WHAT THIS TASK INVOLVES
Repeat every record below exactly, but leave out any pictures.

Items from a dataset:
BEGIN
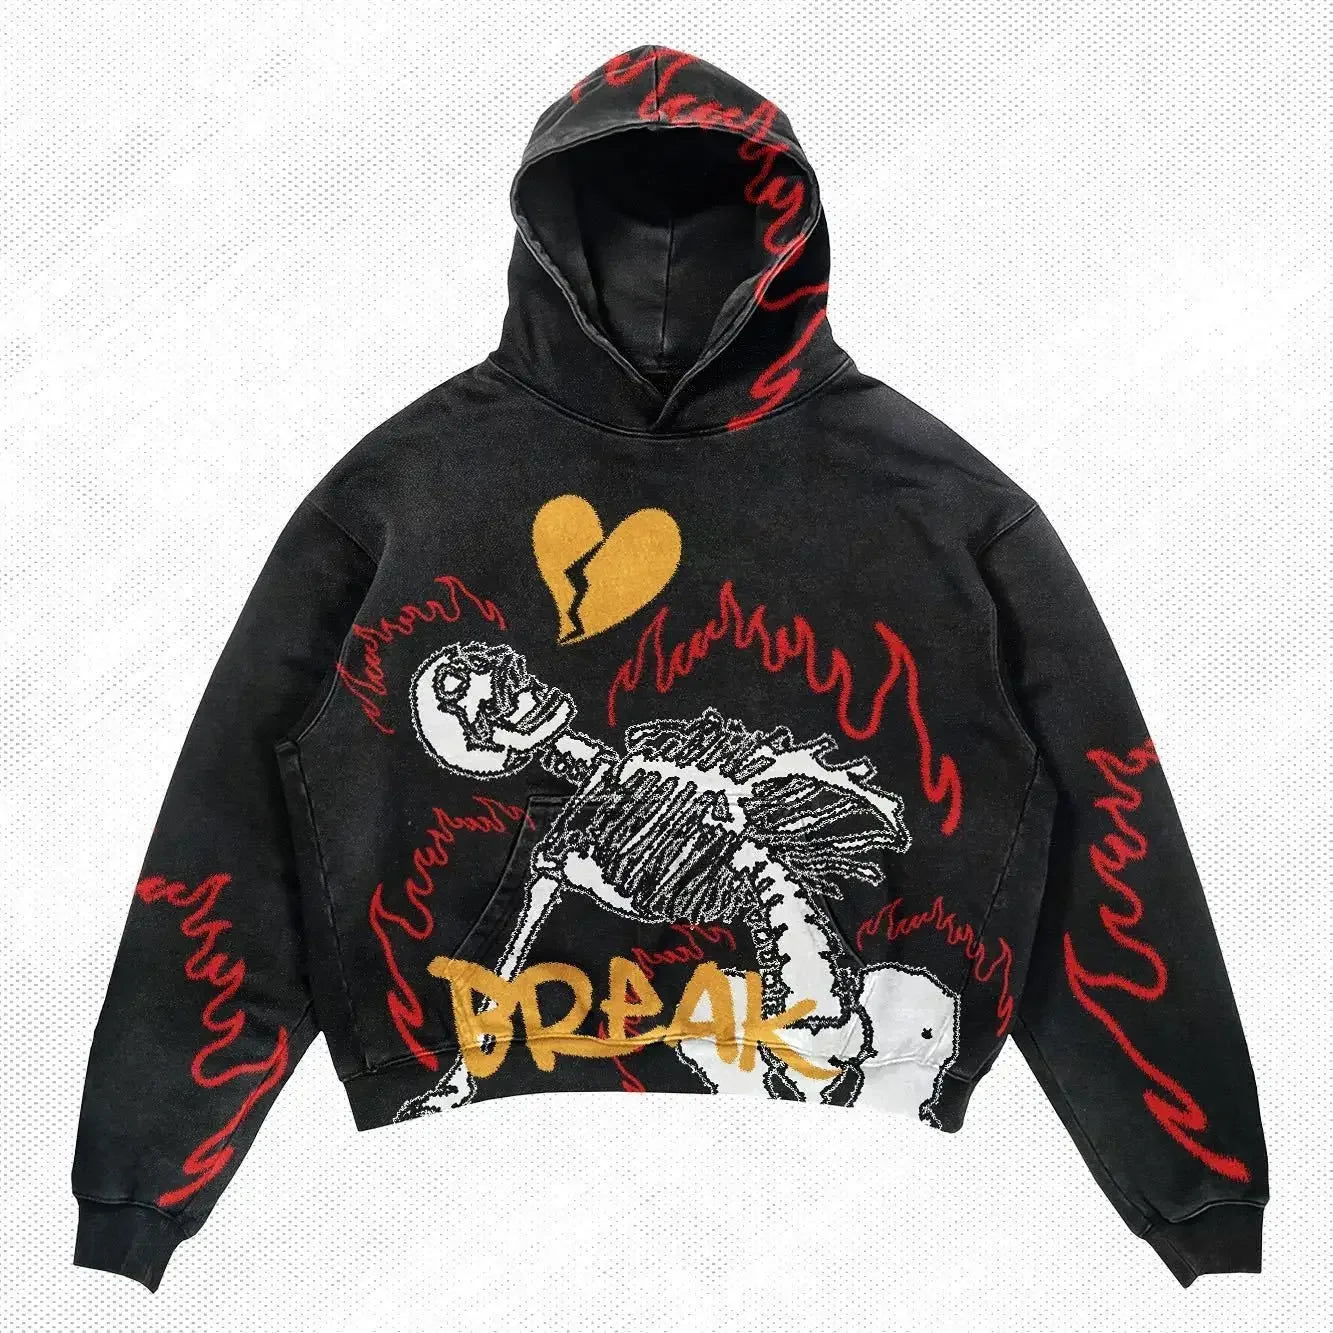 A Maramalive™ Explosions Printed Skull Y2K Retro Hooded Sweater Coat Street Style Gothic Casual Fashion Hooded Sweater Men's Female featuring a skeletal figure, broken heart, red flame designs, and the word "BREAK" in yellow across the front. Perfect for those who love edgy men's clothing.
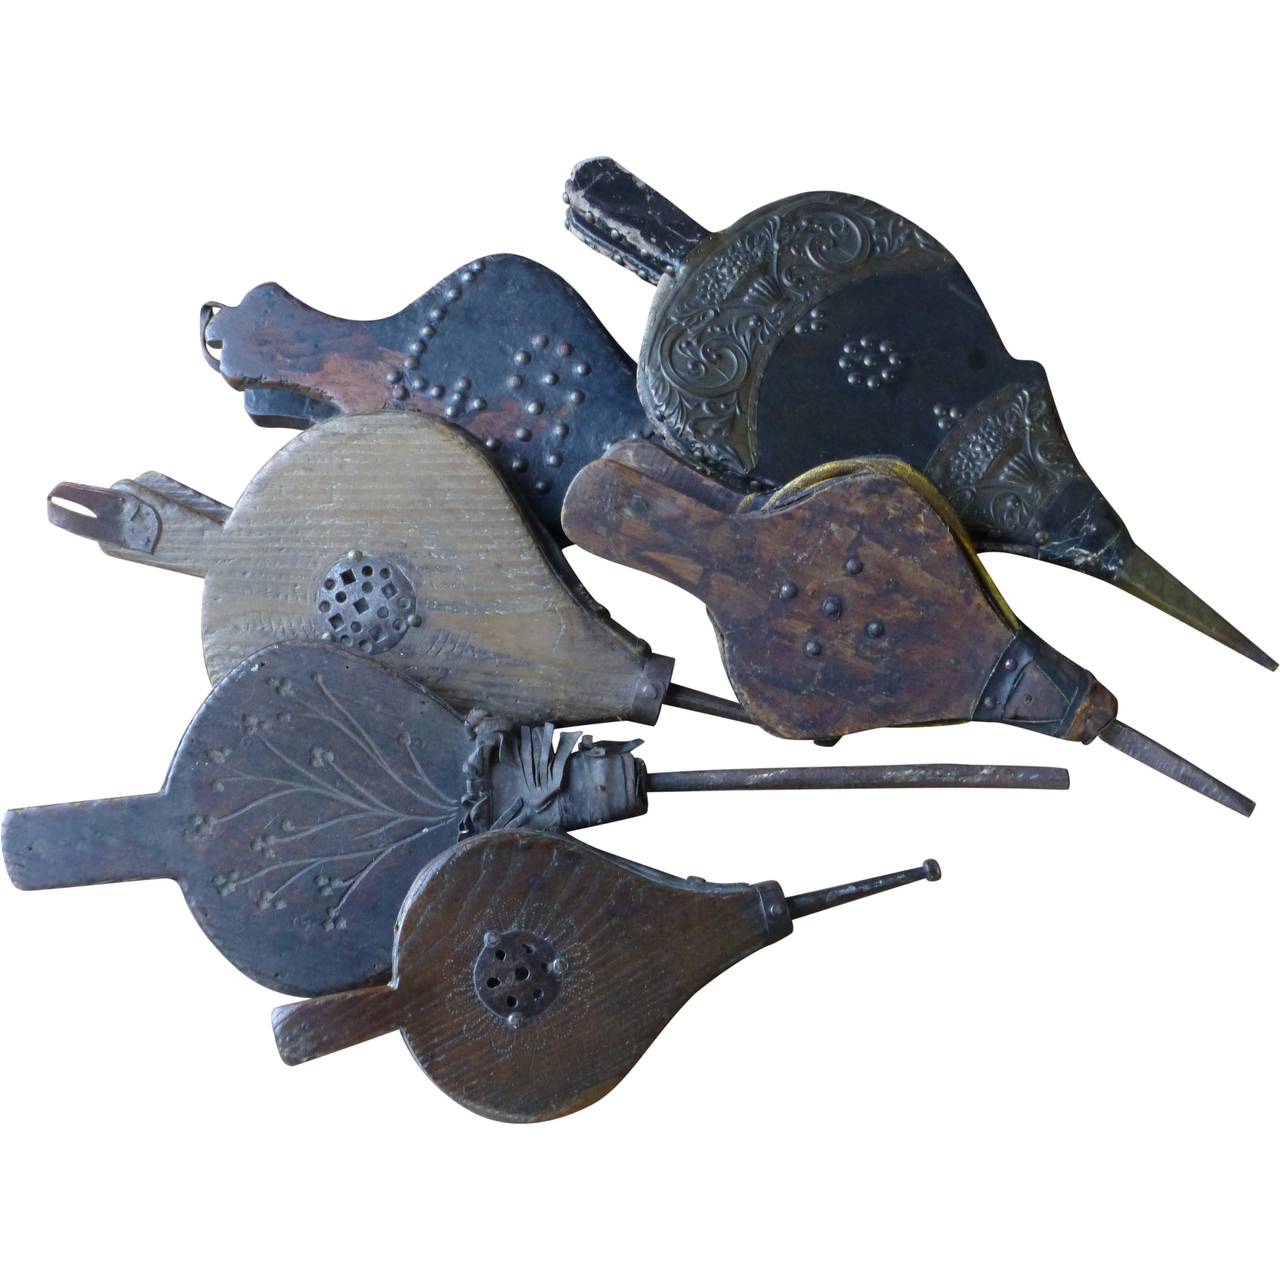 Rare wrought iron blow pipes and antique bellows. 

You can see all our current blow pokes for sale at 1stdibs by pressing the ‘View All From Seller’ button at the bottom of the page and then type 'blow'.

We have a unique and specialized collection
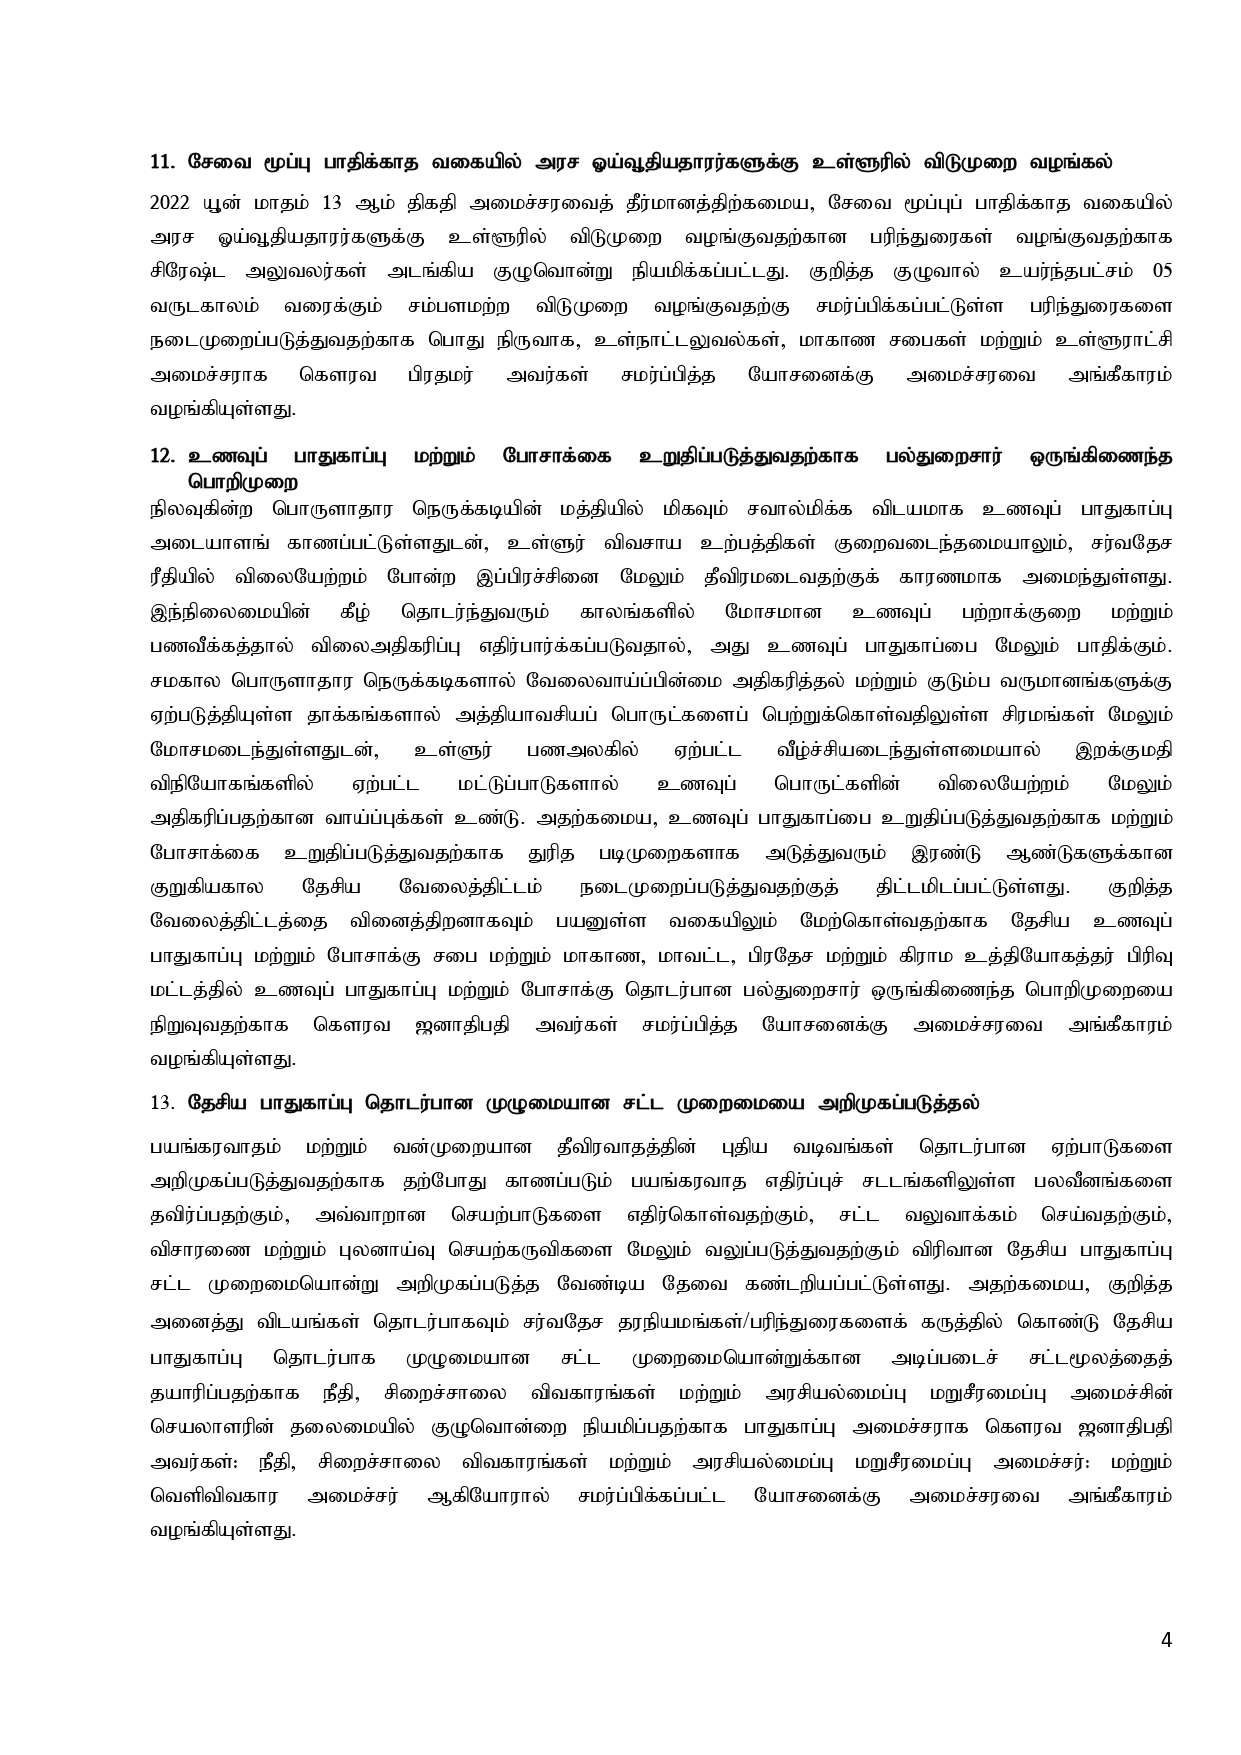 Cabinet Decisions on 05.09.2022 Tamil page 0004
END
OUTPUT OF THE EXERCISE
 A Maramalive™ Explosions Printed Skull Y2K Retro Hooded Sweater Coat Street Style Gothic Casual Fashion Hooded Sweater Men's Female featuring a skeletal figure, broken heart, red flame designs, and the word "BREAK" in yellow across the front. Perfect for those who love edgy men's clothing.
 Rare wrought iron blow pipes and antique bellows. 

You can see all our current blow pokes for sale at 1stdibs by pressing the ‘View All From Seller’ button at the bottom of the page and then type 'blow'.

We have a unique and specialized collection
 Cabinet Decisions on 05.09.2022 Tamil page 0004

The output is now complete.